◆ **DATASET EXTRACT**
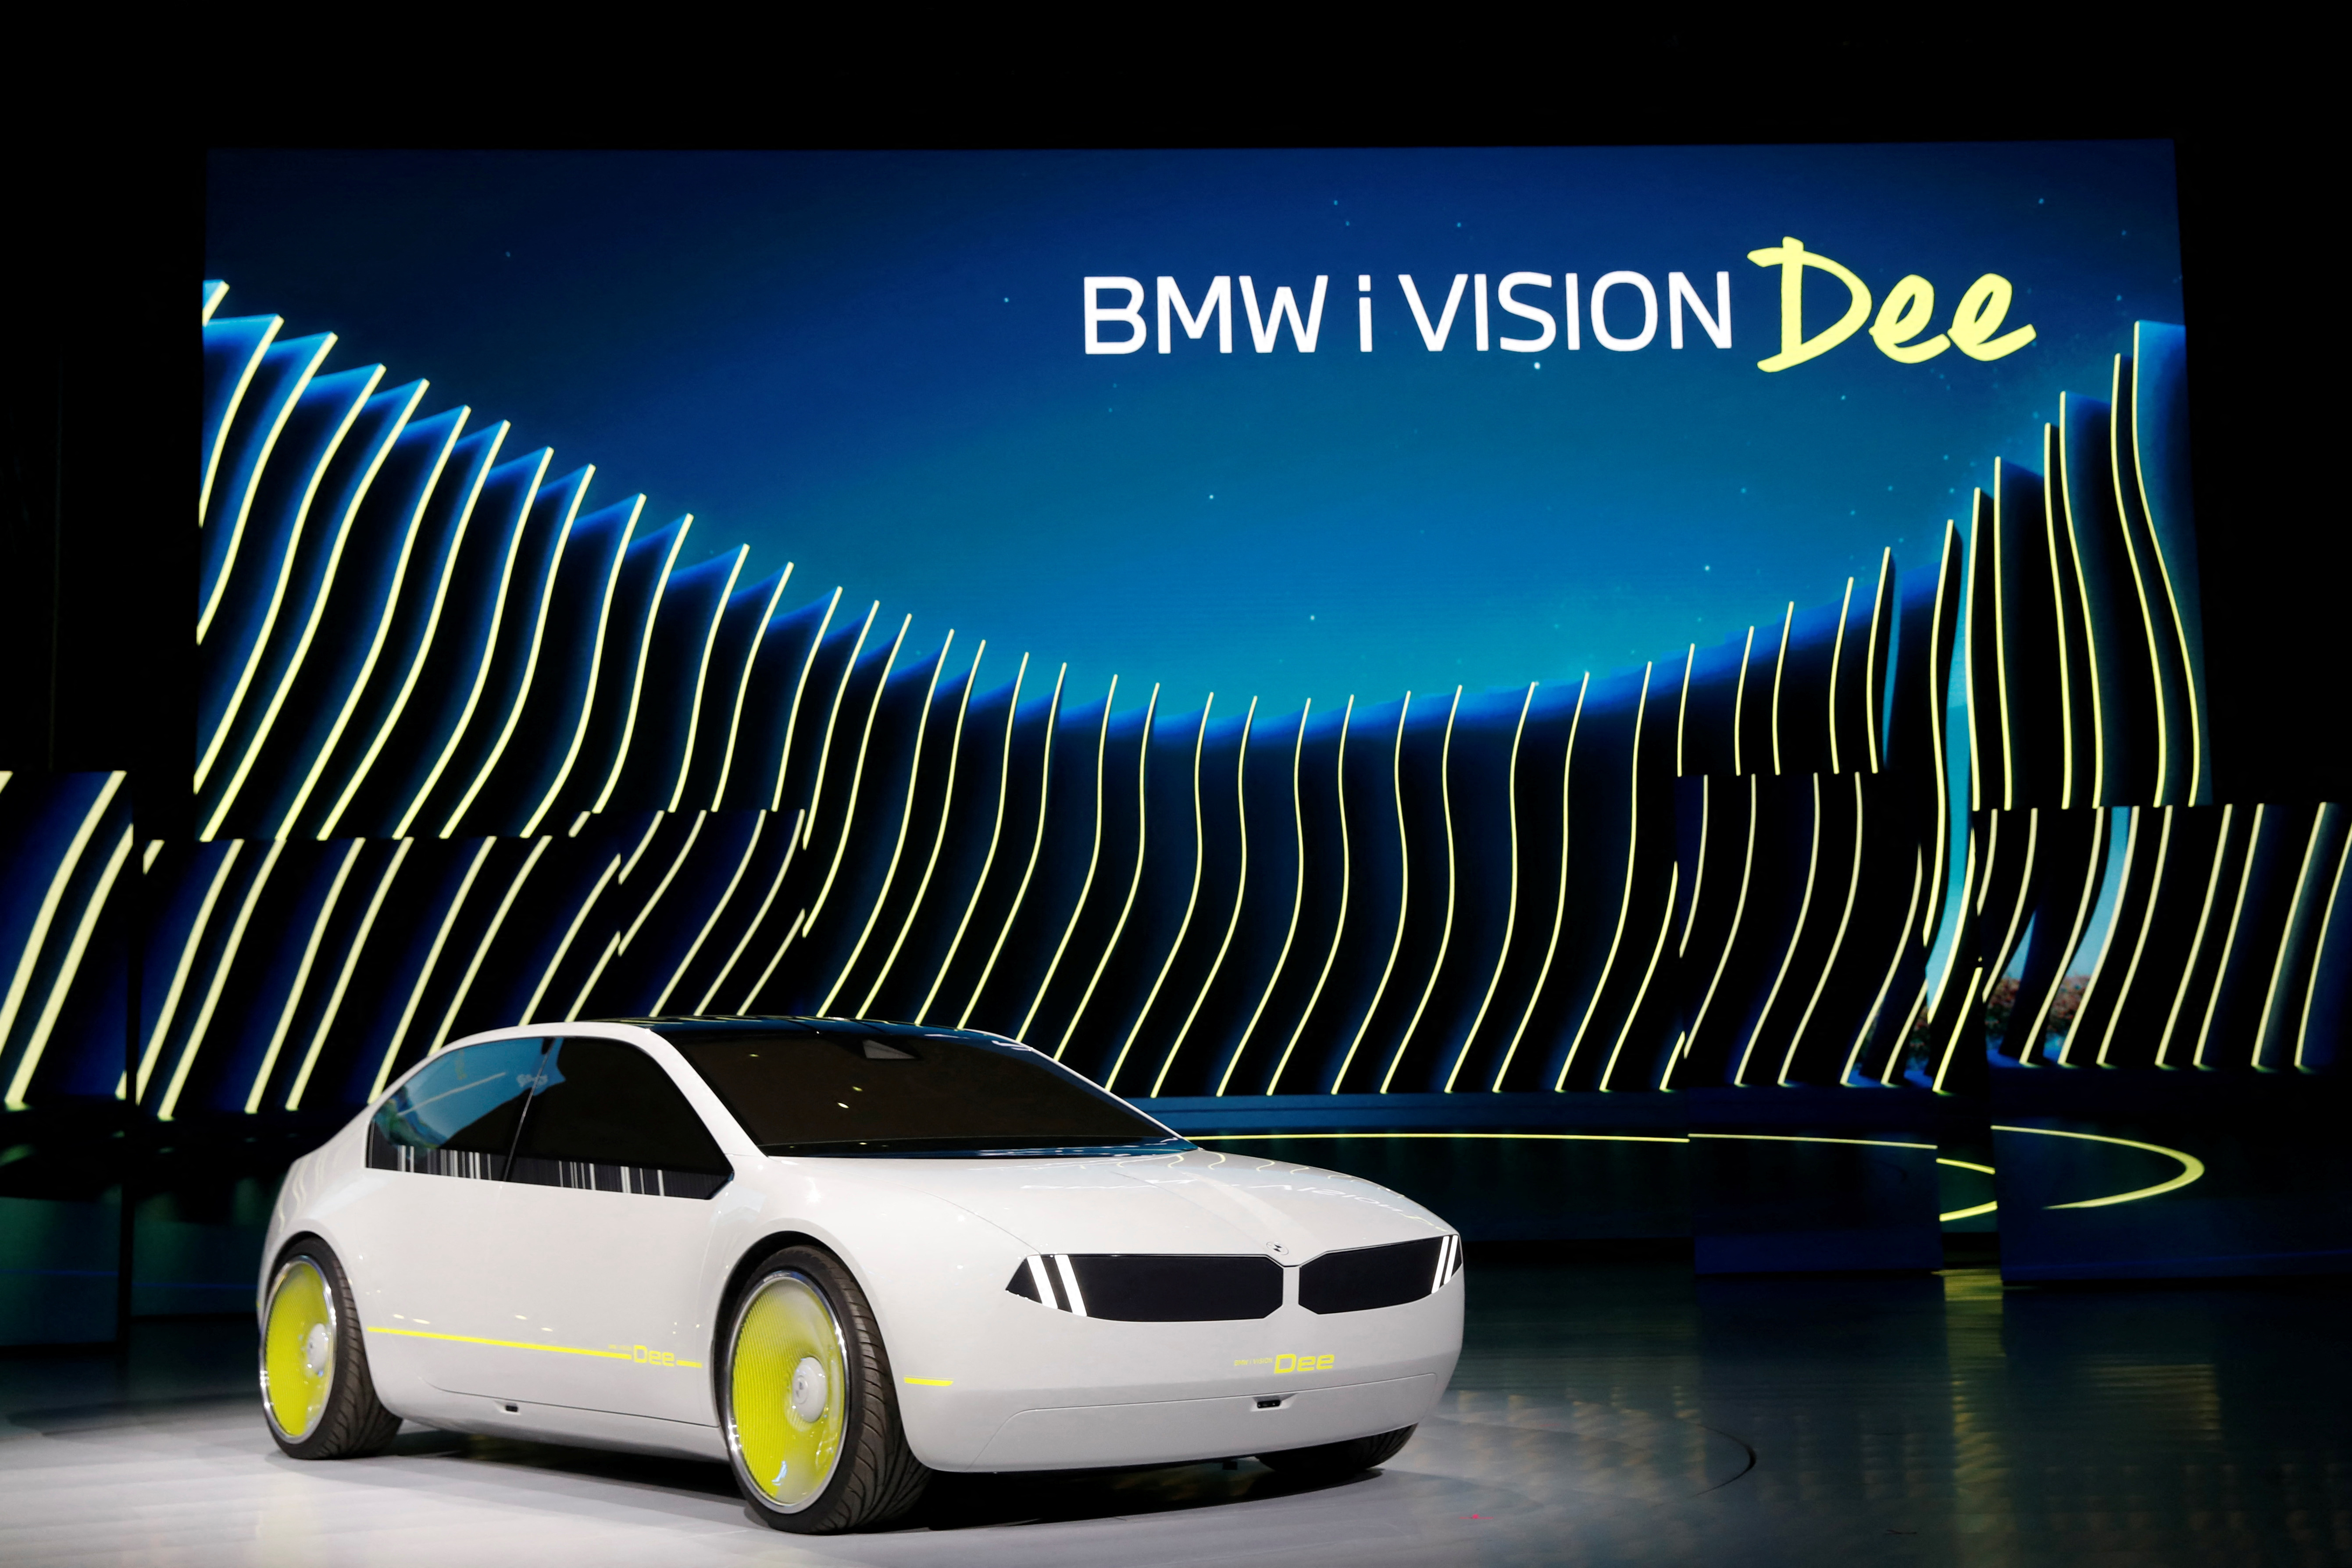 La concept car BMW i Vision Dee (Digital Emotional Experience) viene mostrata sul palco dopo la sua presentazione durante un discorso di apertura della BMW al CES 2023, una fiera annuale dell'elettronica di consumo a Las Vegas, Nevada, USA, il 4 gennaio 2023. REUTERS/Steve Marco
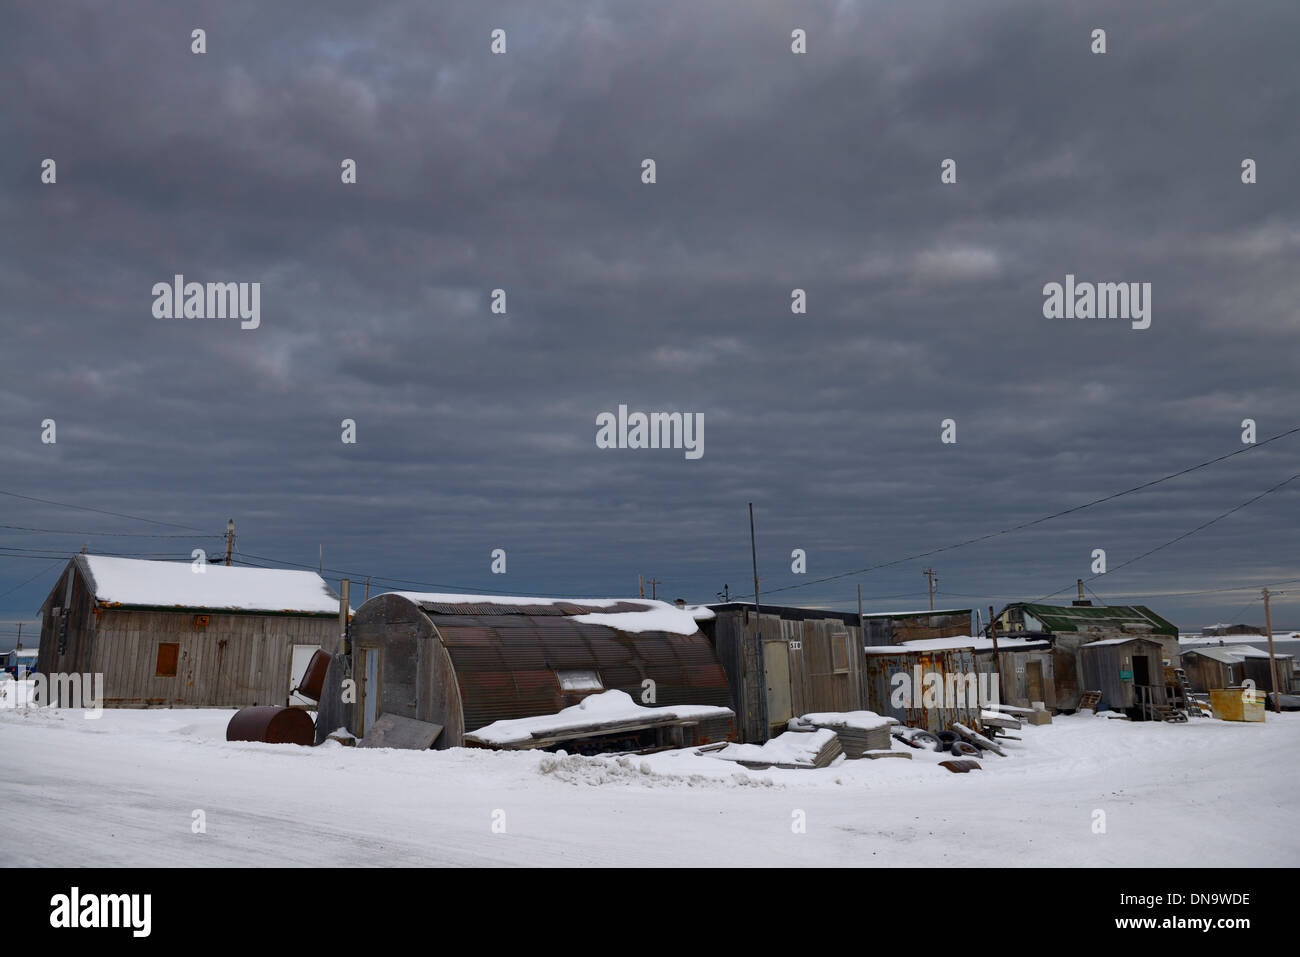 Nuvole scure su magazzini e case in eschimese inupiat villaggio di kaktovik alaska sulla beaufort sea Foto Stock
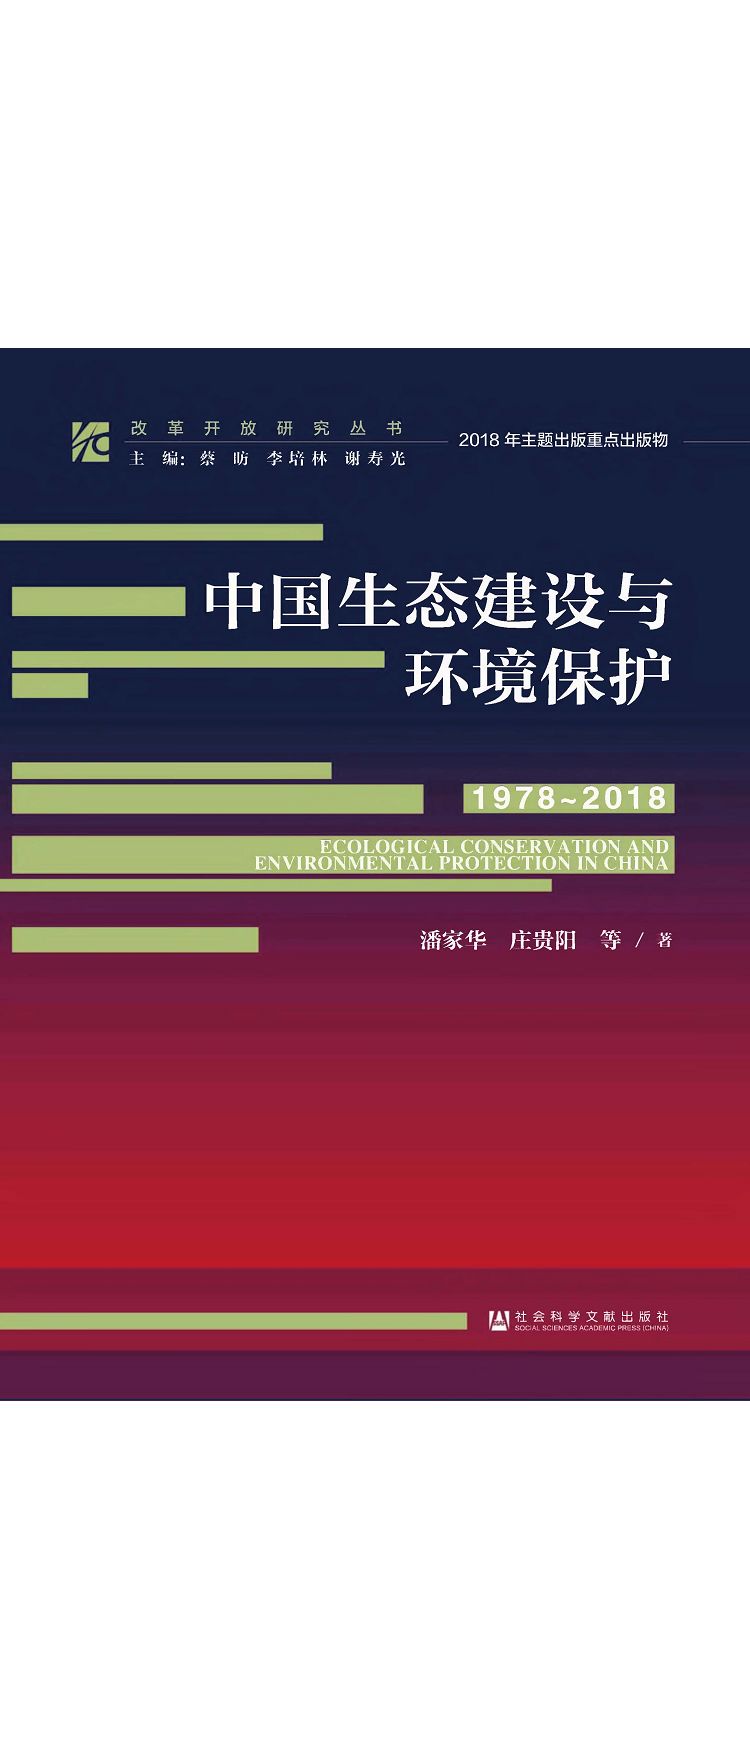 中國生態建設與環境保護(1978-2018) 
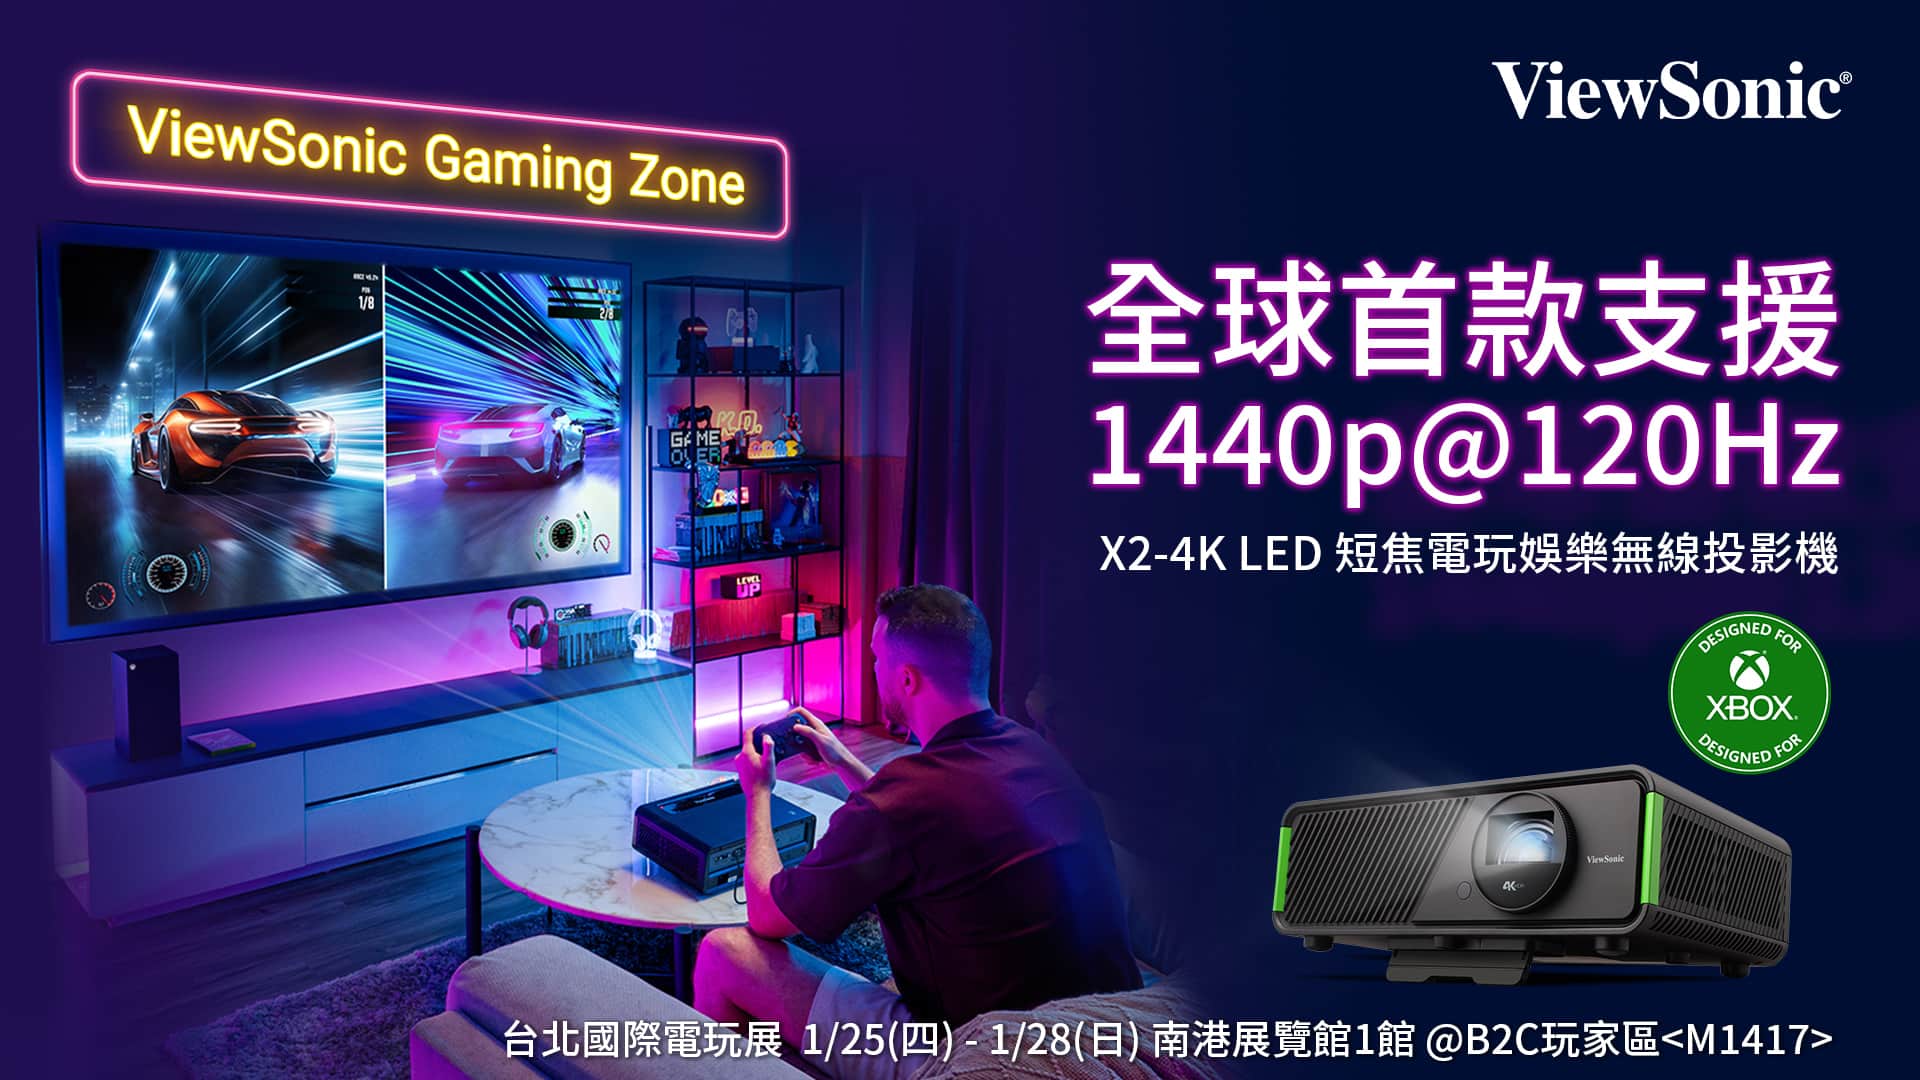 【新聞照片1】ViewSonic-將於台北國際電玩展亮相多款電玩娛樂投影機，邀玩家體驗大螢幕順暢遊戲快感。

◆ **EXERCISE AIM**
Copy out the data verbatim, excluding the pictures.

◆ **ANSWER TO THIS EXERCISE**
 La concept car BMW i Vision Dee (Digital Emotional Experience) viene mostrata sul palco dopo la sua presentazione durante un discorso di apertura della BMW al CES 2023, una fiera annuale dell'elettronica di consumo a Las Vegas, Nevada, USA, il 4 gennaio 2023. REUTERS/Steve Marco
 Nuvole scure su magazzini e case in eschimese inupiat villaggio di kaktovik alaska sulla beaufort sea Foto Stock
 中國生態建設與環境保護(1978-2018) 
 【新聞照片1】ViewSonic-將於台北國際電玩展亮相多款電玩娛樂投影機，邀玩家體驗大螢幕順暢遊戲快感。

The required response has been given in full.